Подрагивая, тускло подсвечивал асфальт, застеленный пленкой мороси. Ощупкой, выхватывая фарами дорогу, опасливее и глуше, чем днем, катили машины. Далёко и вчуже горели окна домов. У навеса остановки, оборотившись лицами в долгое темное нутро улицы, отыскивая, приманивая взглядами где-то замешкавшийся троллейбус, разобщенно и немо, съежившись и обнимая себя, стояли озябшие люди. Сонно обходя лужи, греясь друг об друга, без цели брели по пустому мрачному тротуару редкие пары.
«И отчего поэты так воспевают осень?.. Уныло, холодно и мало света. И больше ничего».

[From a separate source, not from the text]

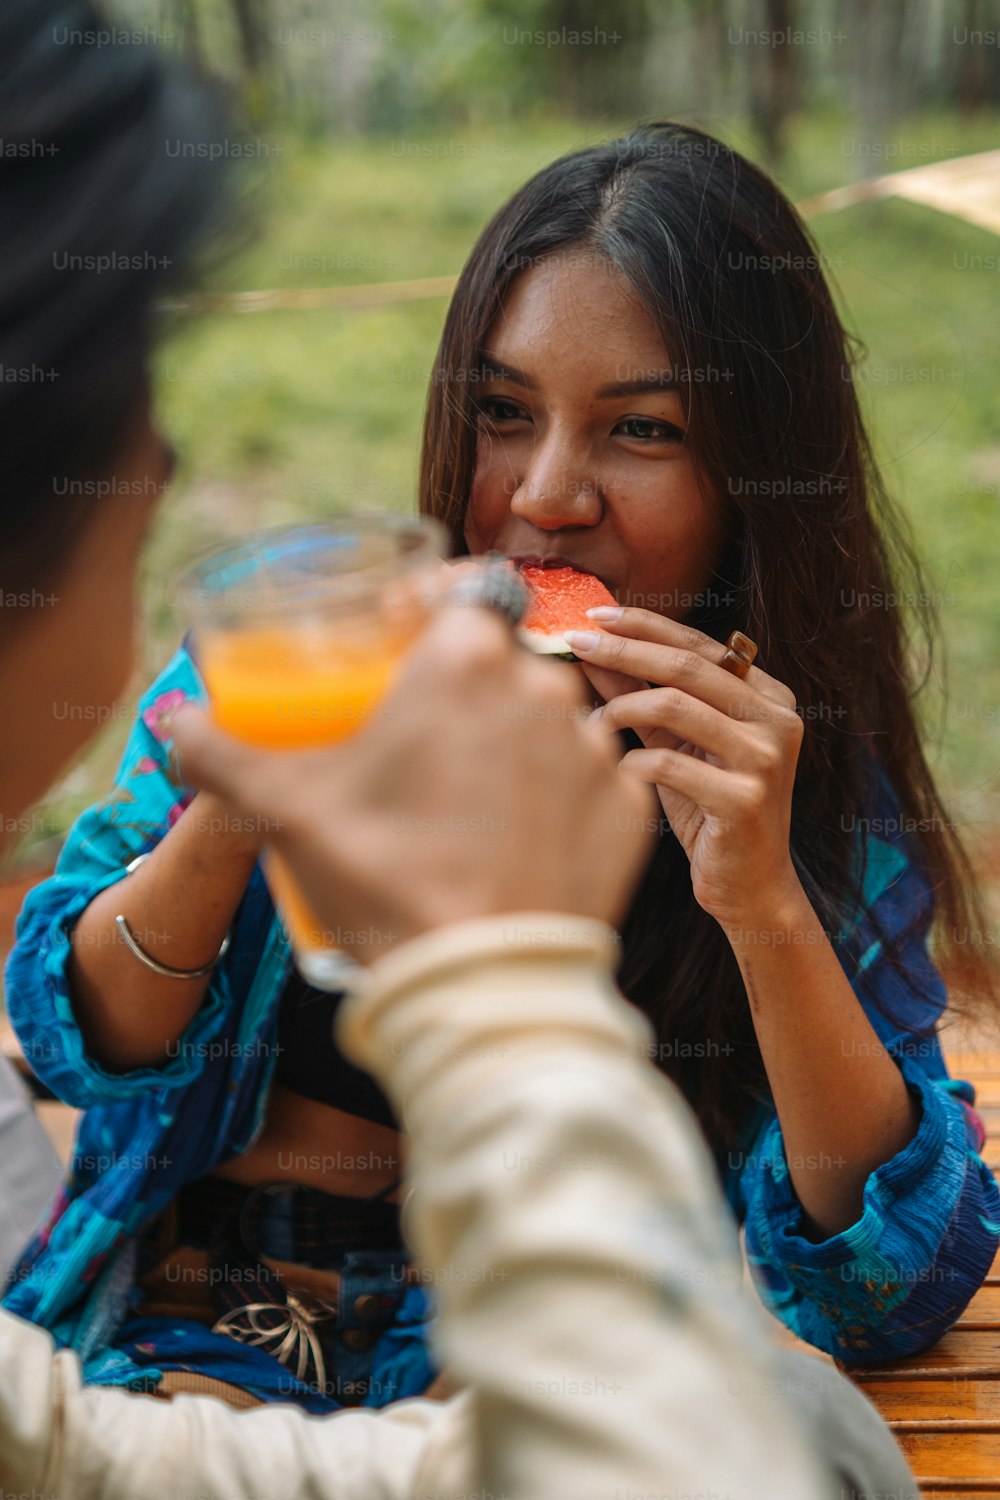 a woman eating a piece of watermelon and drinking a glass of orange juice

Он решил, пока нет троллейбуса, пройти остановку пешком, чтобы, часом, не остыть, дожидаясь его. И мама по телефону, когда из института звонил, наказывала: не жди, не стой понапрасну, если нет транспорта, остынешь, простудишься и еще, не дай бог, заболеешь, лучше подтяни повыше шарф, запахнись и иди, остановки там короткие, иди и оглядывайся, и как увидишь, что троллейбус догоняет, ускорь шаг или добеги, чтобы успеть… «И все-то она у меня знает, обо всем помнит, волнуется… Скоро двадцать два, а она как с дошкольником»… Тем не менее поступил сейчас в точности так, как она советовала. Плотнее запахнулся, поддернул выше к подбородку, охватнее расправил шарф и, резвее, чем обыкновенно, зашагал к следующей остановке, время от времени оглядываясь, всматриваясь в плывущие по сырому темному воздуху вдогон огоньки.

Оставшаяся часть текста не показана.